Transcribe the listing in full, excluding any pictures.

*DATA EXCERPT*.

--- START ---

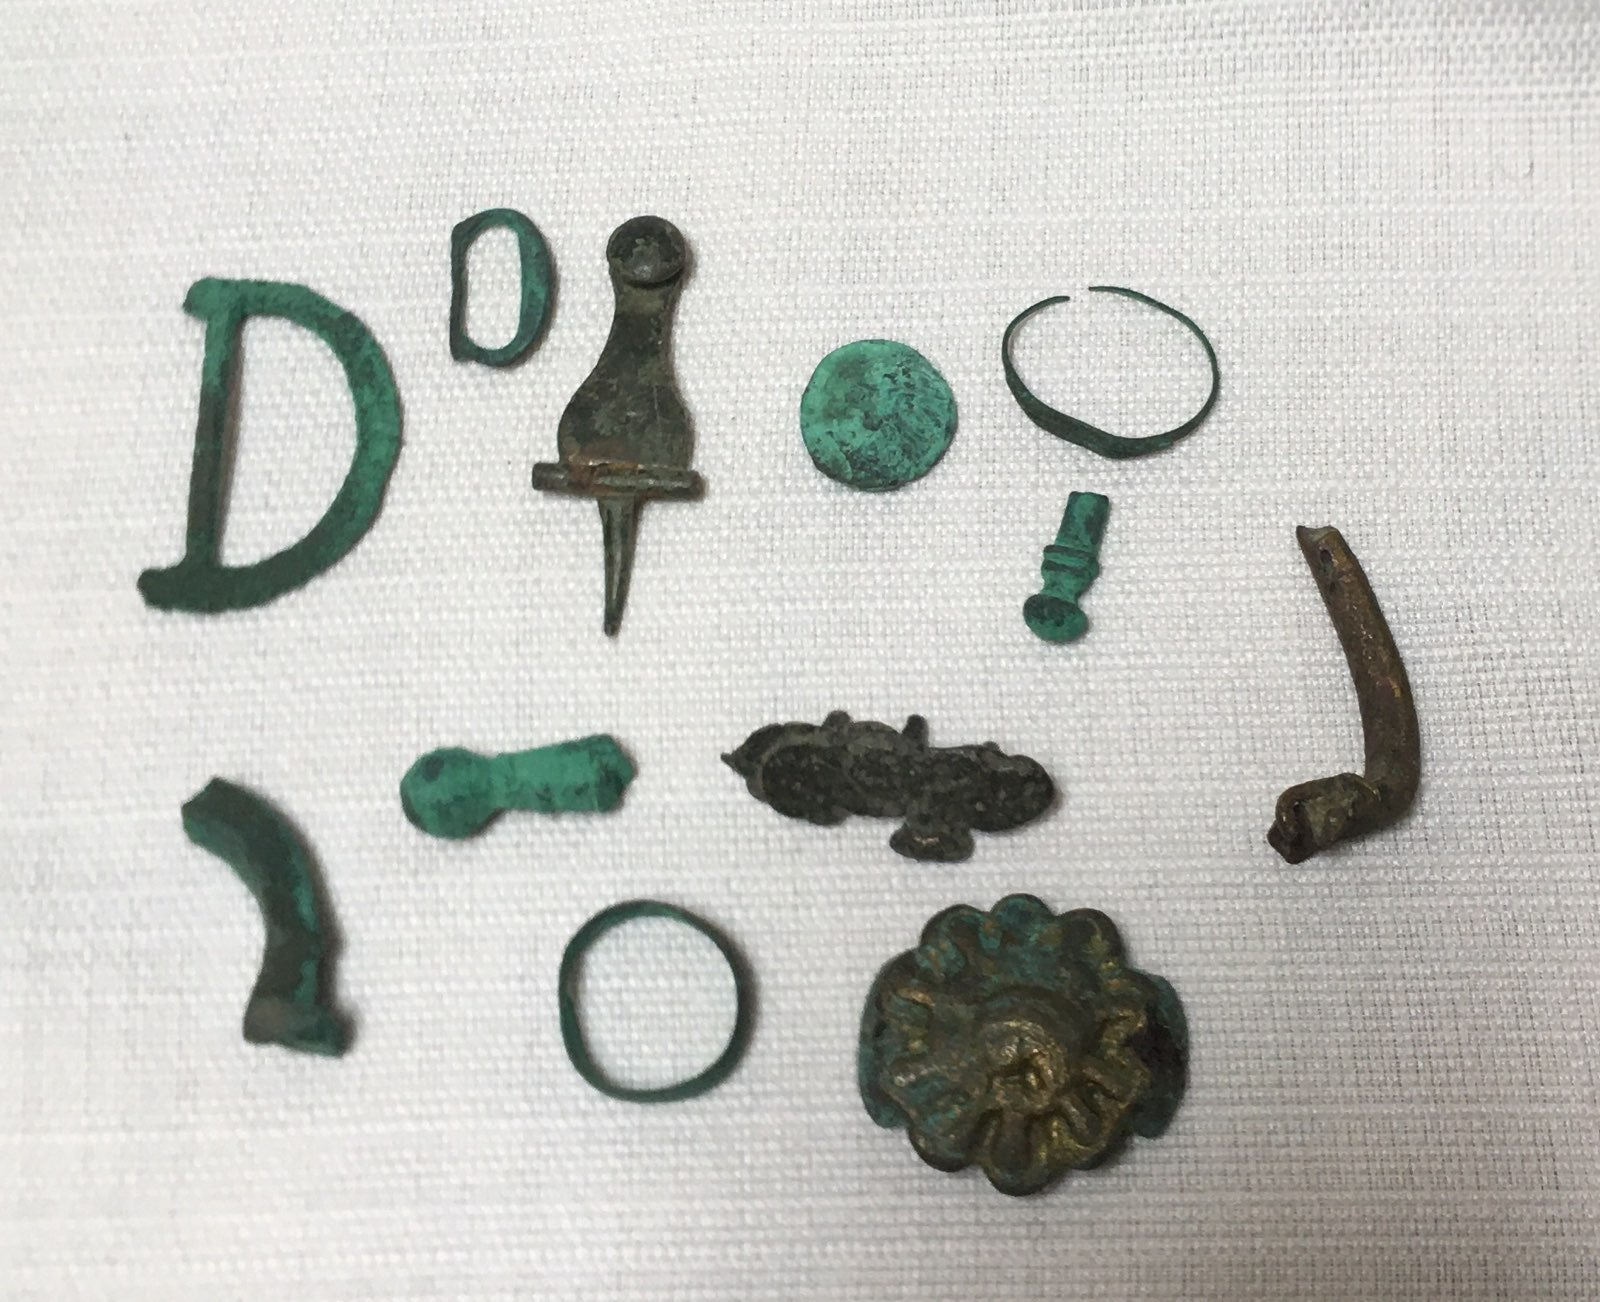 12 Ancient Relics & Tokens
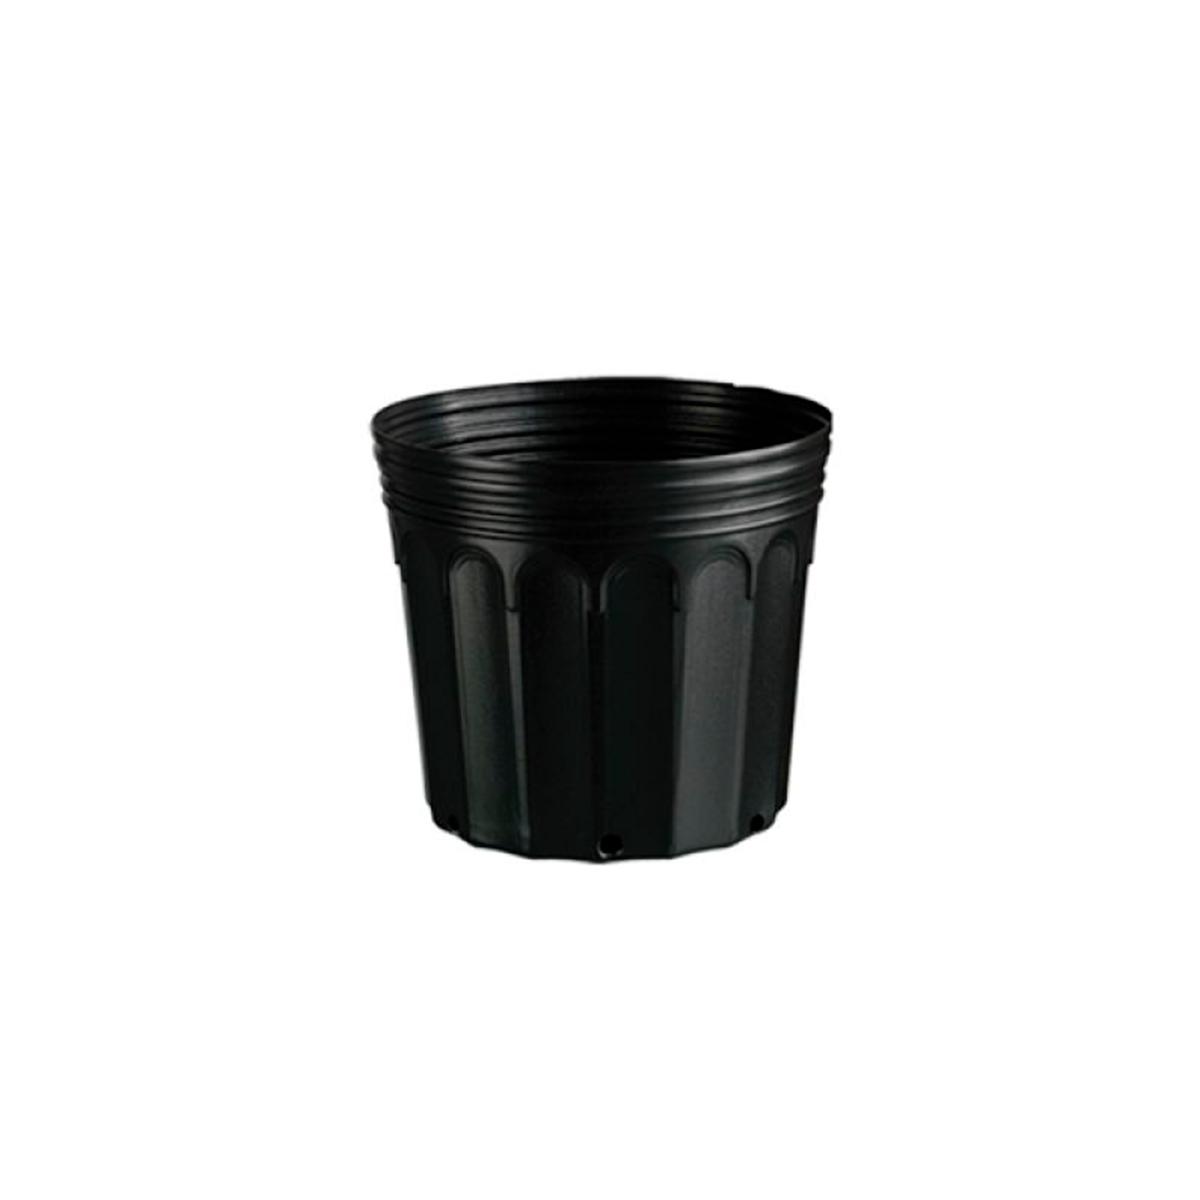 Kit 100 Embalagem Vaso para Mudas Plástico 3,6L
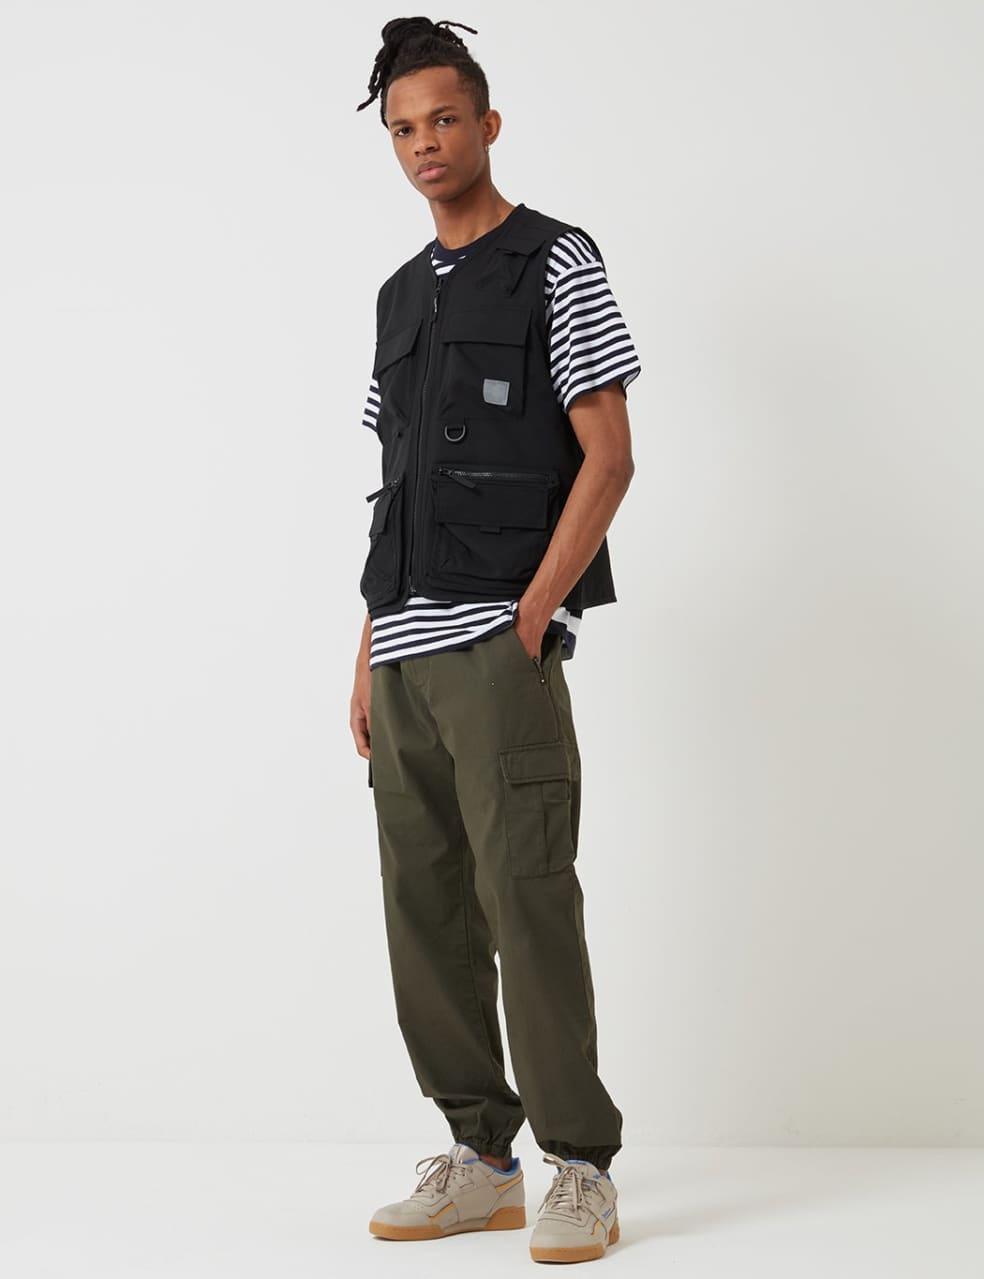 Carhartt-WIP Elmwood Vest (Stretch) - Black | Gilet by Carhartt WIP 3

--- END ---

*WRITTEN RESPONSE*.
 12 Ancient Relics & Tokens
 Kit 100 Embalagem Vaso para Mudas Plástico 3,6L
 Carhartt-WIP Elmwood Vest (Stretch) - Black | Gilet by Carhartt WIP 3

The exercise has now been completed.